We will assume there is no source term, \(f(x,y)=0\) so that we are solving Laplace’s equation. The random walk solution is more complicated if there is a source term.

A random walk starting at some point \((x_0,y_0)\) wanders randomly in the domain until it hits the boundary at some point. We do this many times over and keep track of the boundary value given for \(u(x,y)\) at the point where each walk hits the boundary. It can be shown that if we do for a large number of walks and average the results, this converges to the desired solution value \(u(x_0,y_0)\). Note that we expect more walks to to hit the boundary at parts of the boundary near \((x_0,y_0)\) than at points further away, so the boundary conditions at such points will have more influence on the solution. This is intuitively what we expect for a steady state solution of a diffusion or heat conduction problem.

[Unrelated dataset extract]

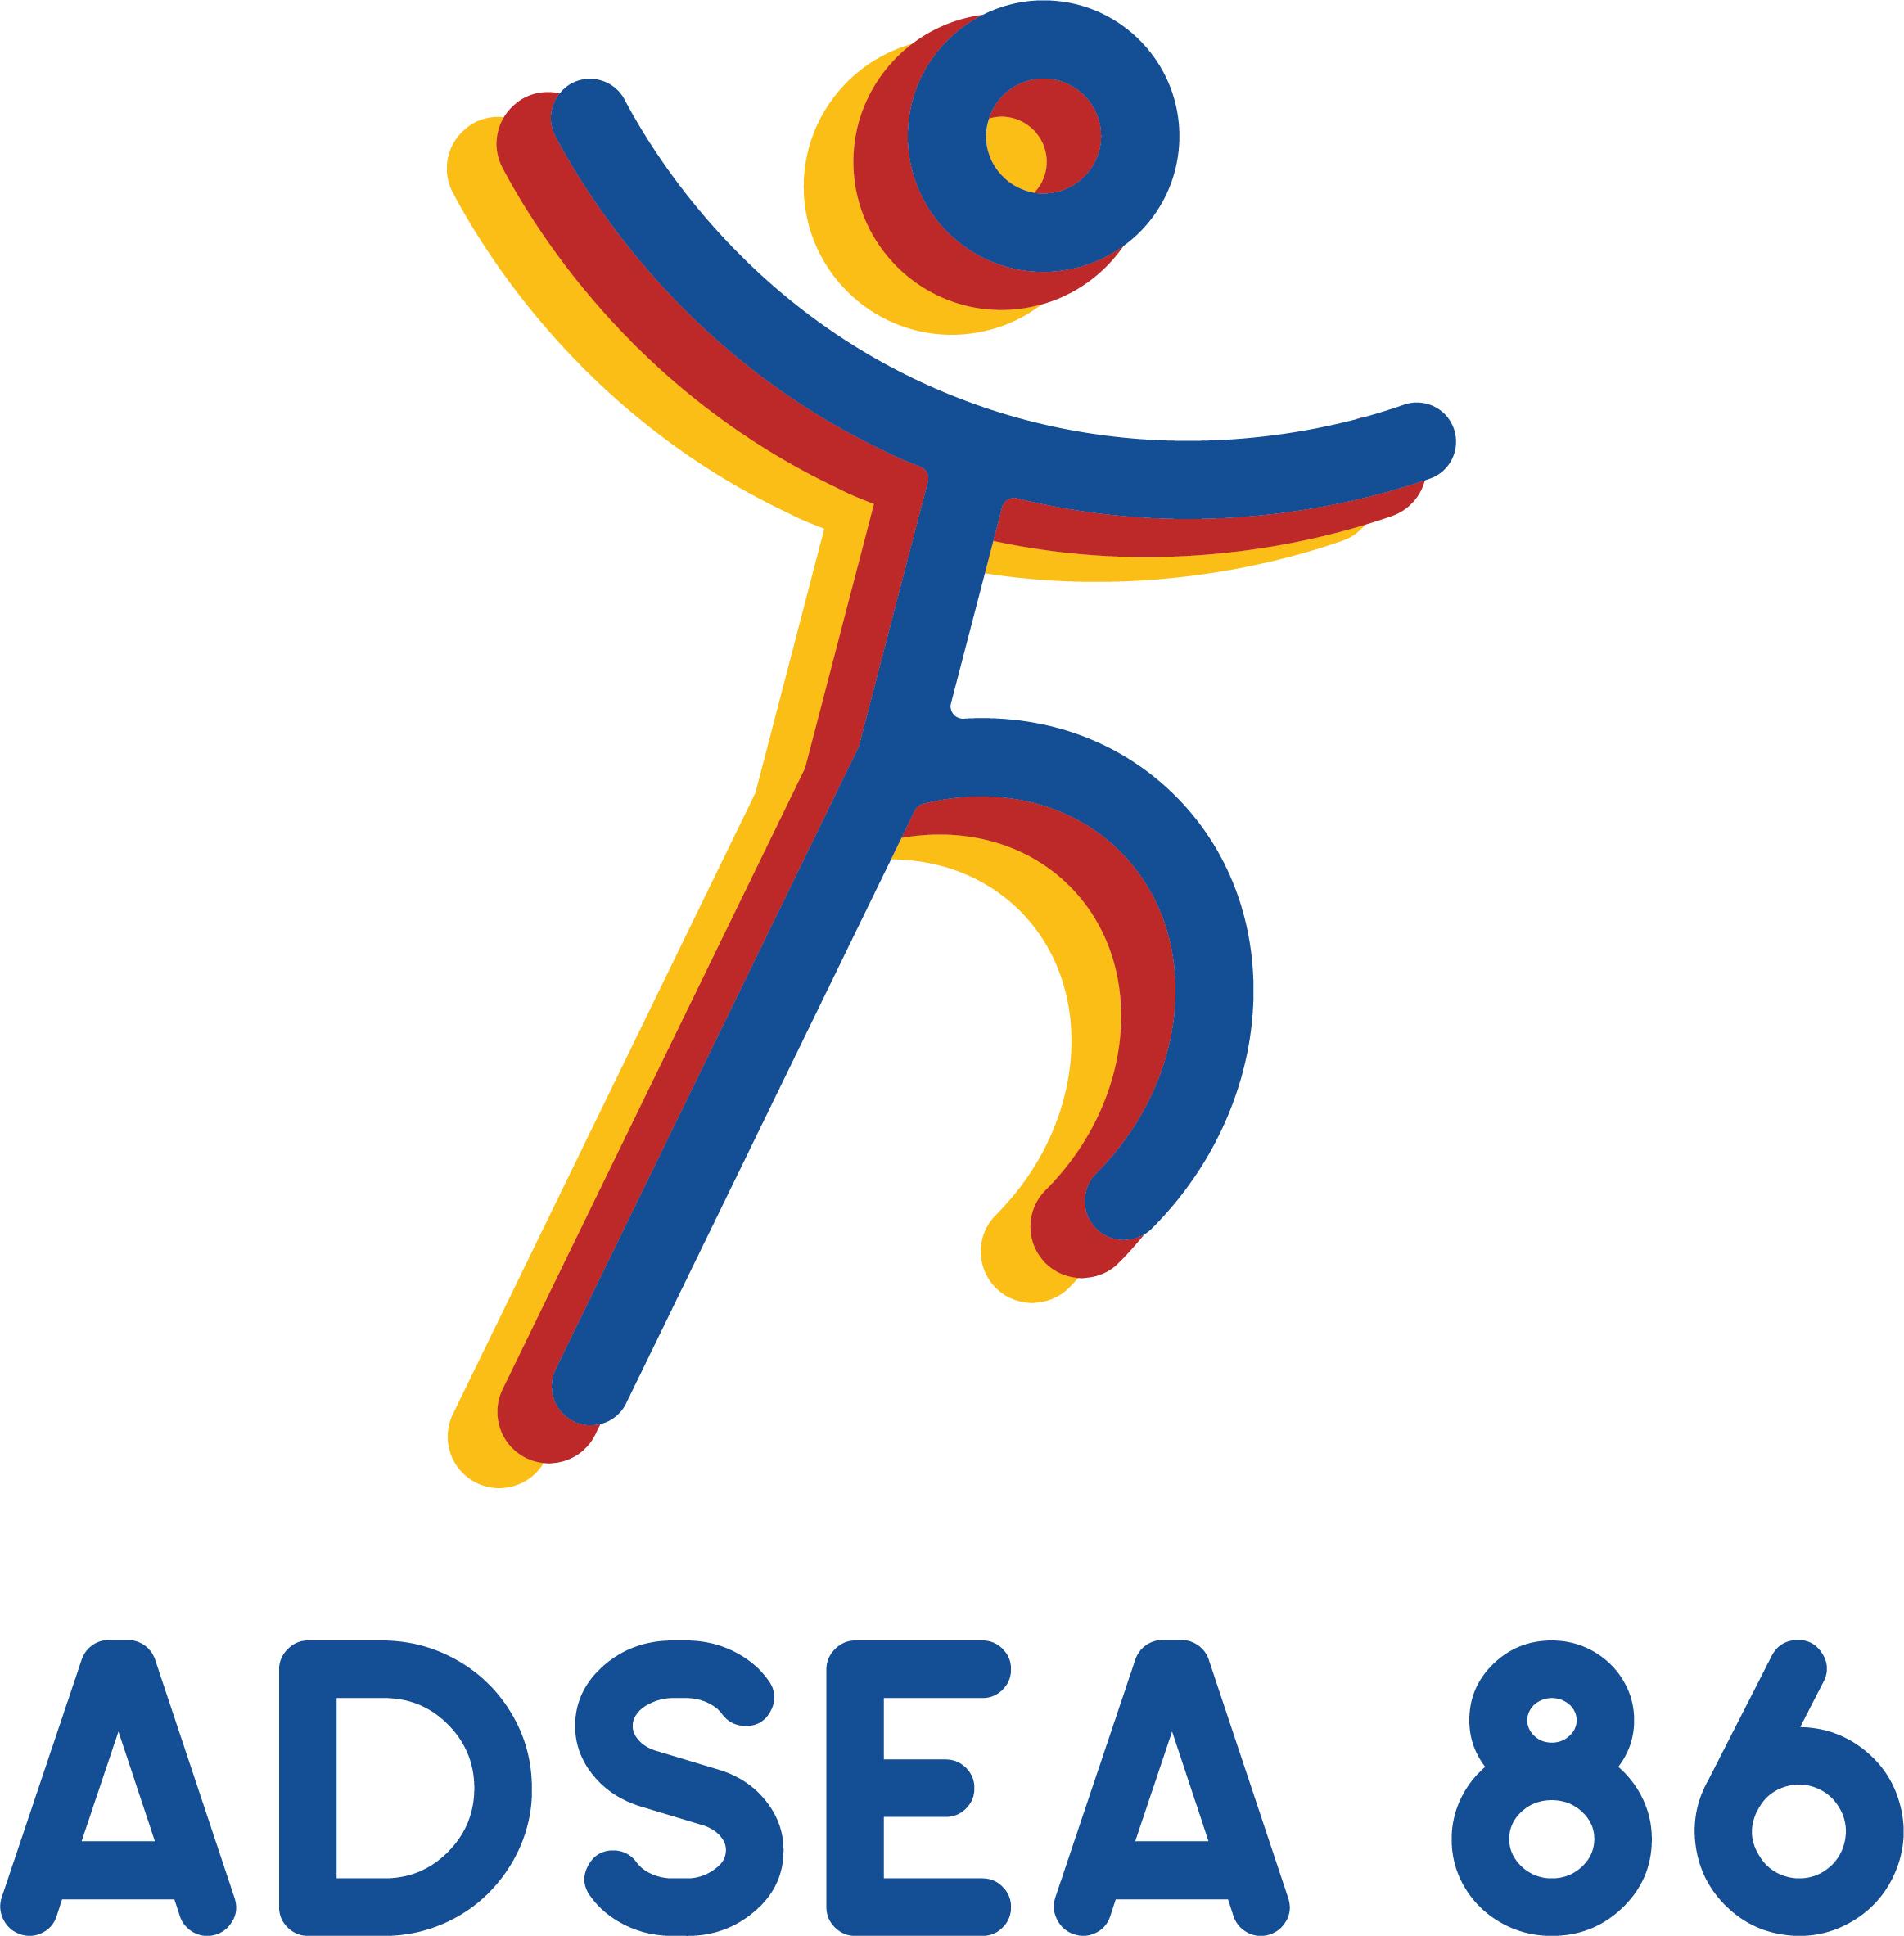 ADSEA 86

To implement this numerically we will consider the simplification
of a *lattice random walk*, in which we put down a grid on the domain as in
the finite difference discretization and allow the random walk to only go in
one of 4 directions in each time step, from a point on the grid to one of
its four neighbors. For isotropic diffusion as we are considering,
we can define a random walk by choosing 1 of the four
neighbors with equal probability in each step.

The code $UWHPSC/codes/project/laplace_mc.py illustrates this. Run this code with plot_walk = True to see plots of a few random walks on a coarse grid, or with plot_walk = False to report the solution after many random walks on a finer grid.

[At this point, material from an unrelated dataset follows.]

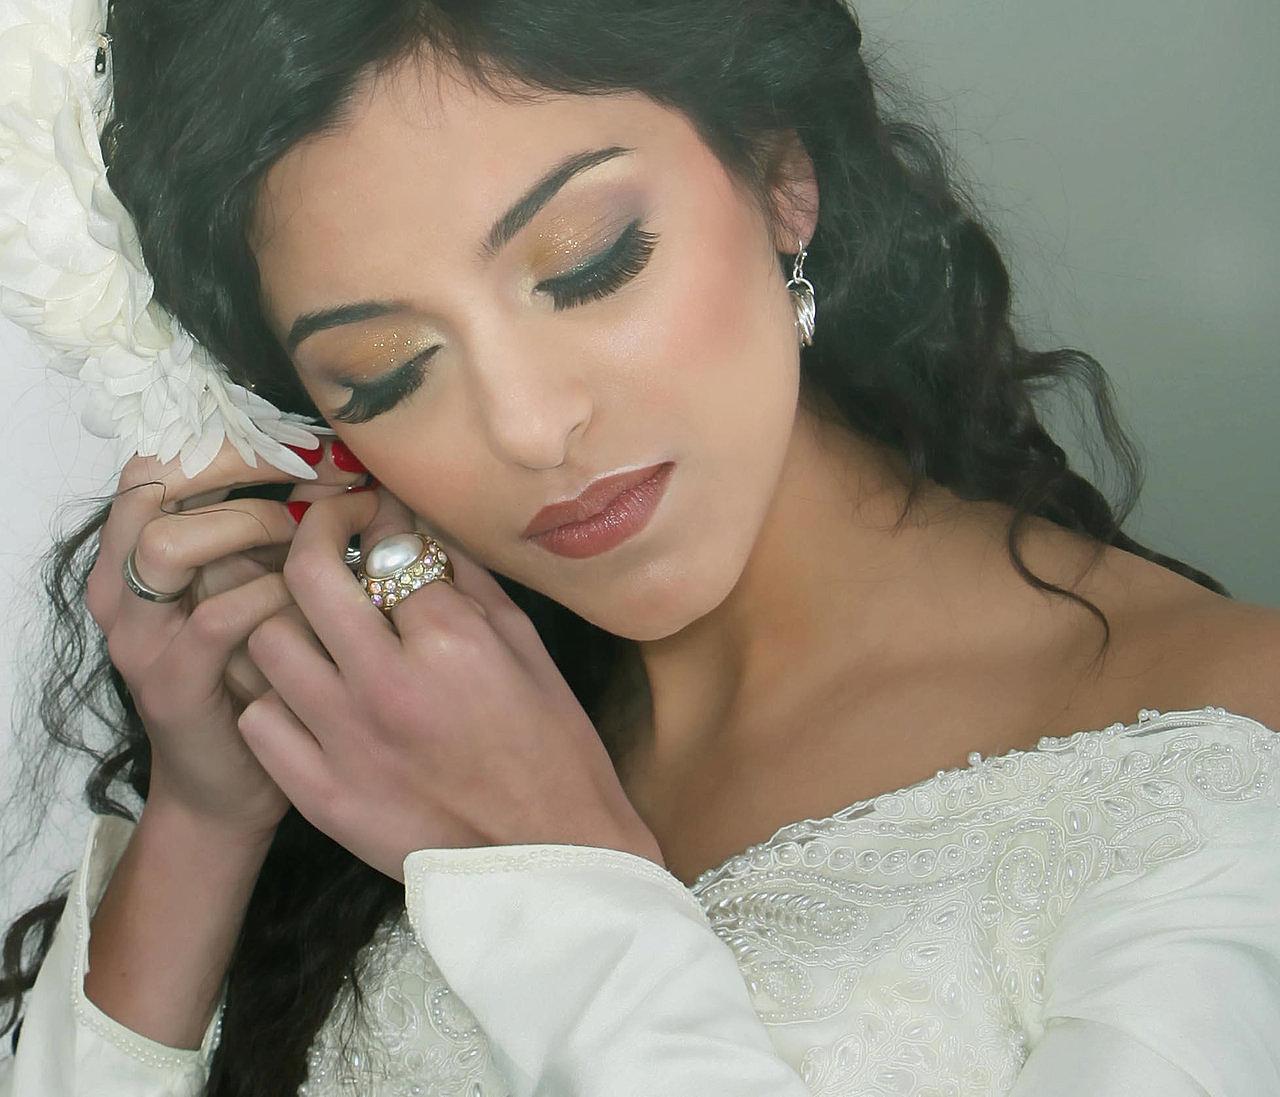 Bridal Makeup Artist London Brussels | Make Up Artist Courses London | Wedding Makeup Artist London

With this lattice random walk we do not expect the approximate solution to converge to the true solution of the PDE, as the number of trials increases. Instead we expect it to converge to the solution of the linear system determined by the finite difference method described above. In other words if we choose \((x_0,y_0) = (x_i, y_j)$ for some grid point :math:`(i,j)\) then we expect the Monte Carlo solution to converge to \(U_{ij}\) rather than to \(u(x_i,y_j)\).

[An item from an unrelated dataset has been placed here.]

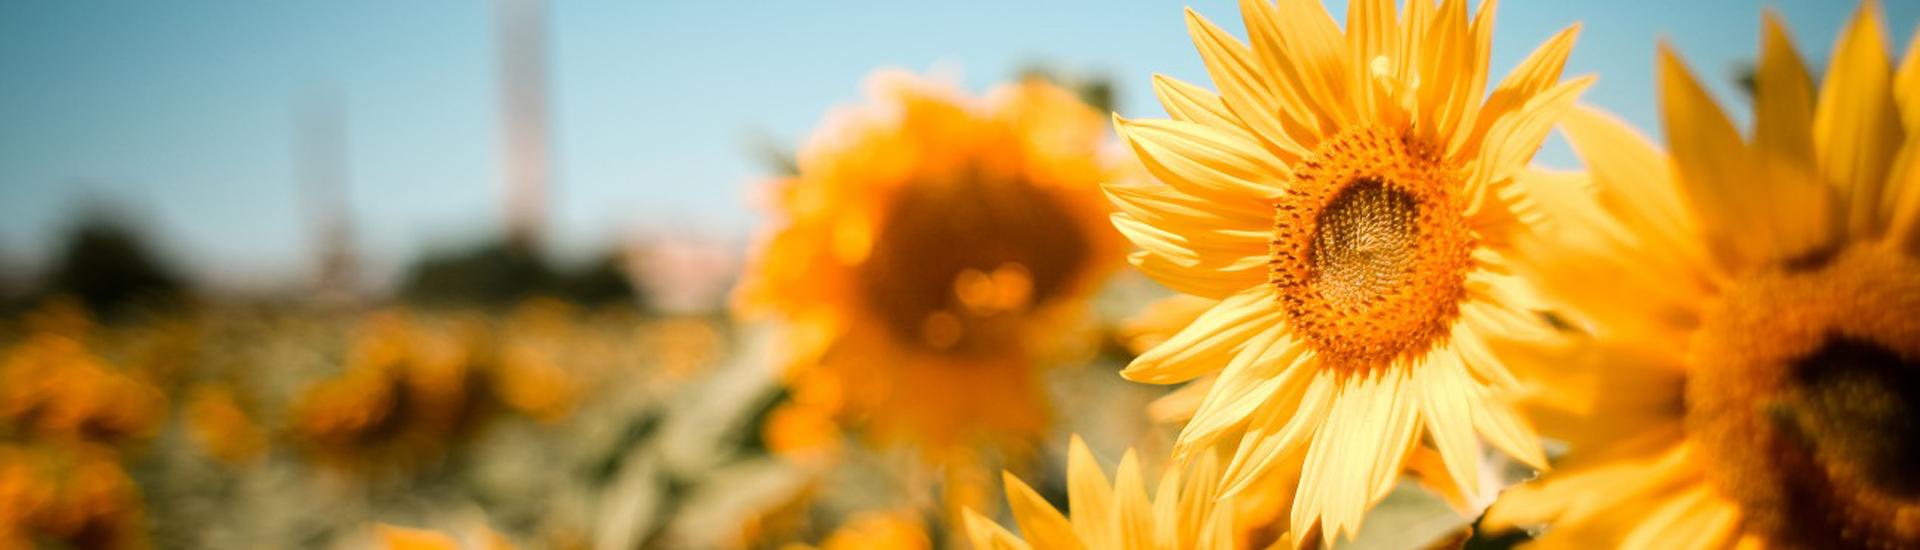 slnecnice1

**Why does this work?** Here’s one way to think about it. Suppose doing this
random walk starting at \(u(x_i,y_j)\) converges to some value \(E_{ij}\),
the expected value of u at the boundary hit when starting a random walk at this
point. If \((x_i,y_j)\) is one of the boundary points then
\(E_{ij} = U_{ij}\) since we immediately hit the boundary with zero
steps, so every random walk starting at this point returns \(u\) at this
point. On the other hand, if \((x_i,y_j)\) is an interior point, then
after a single step of the random walk we will be at one of the four
neighbors. Continuing our original random walk from this point is
equivalent to starting a new random walk at this point. So for example
any random walk that first takes a step to the right from \((x_i,y_j)\)
to \((x_{i+1},y_j)\) has the same expected boundary value as obtained
from all random walks starting at \((x_{i+1},y_j)\), i.e. the value
\(E_{i+1,j}\). But only 1/4 of the random walks starting at
\((x_i,y_j)\) go first to the right. So the expected value over all
walks starting at \((x_i,y_j)\) is expected to be the average of the
expected value when starting at any of the 4 neighbors. In other words,

\(E_{ij} = \frac 1 4 (E_{i-1,j} + E_{i+1,j} + E_{i,j-1} + E_{i,j+1})\)

But this means \(E_{ij}\) satisfies the same linear system of equations as \(U_{ij}\) (and also the same boundary conditions), and hence must be the same.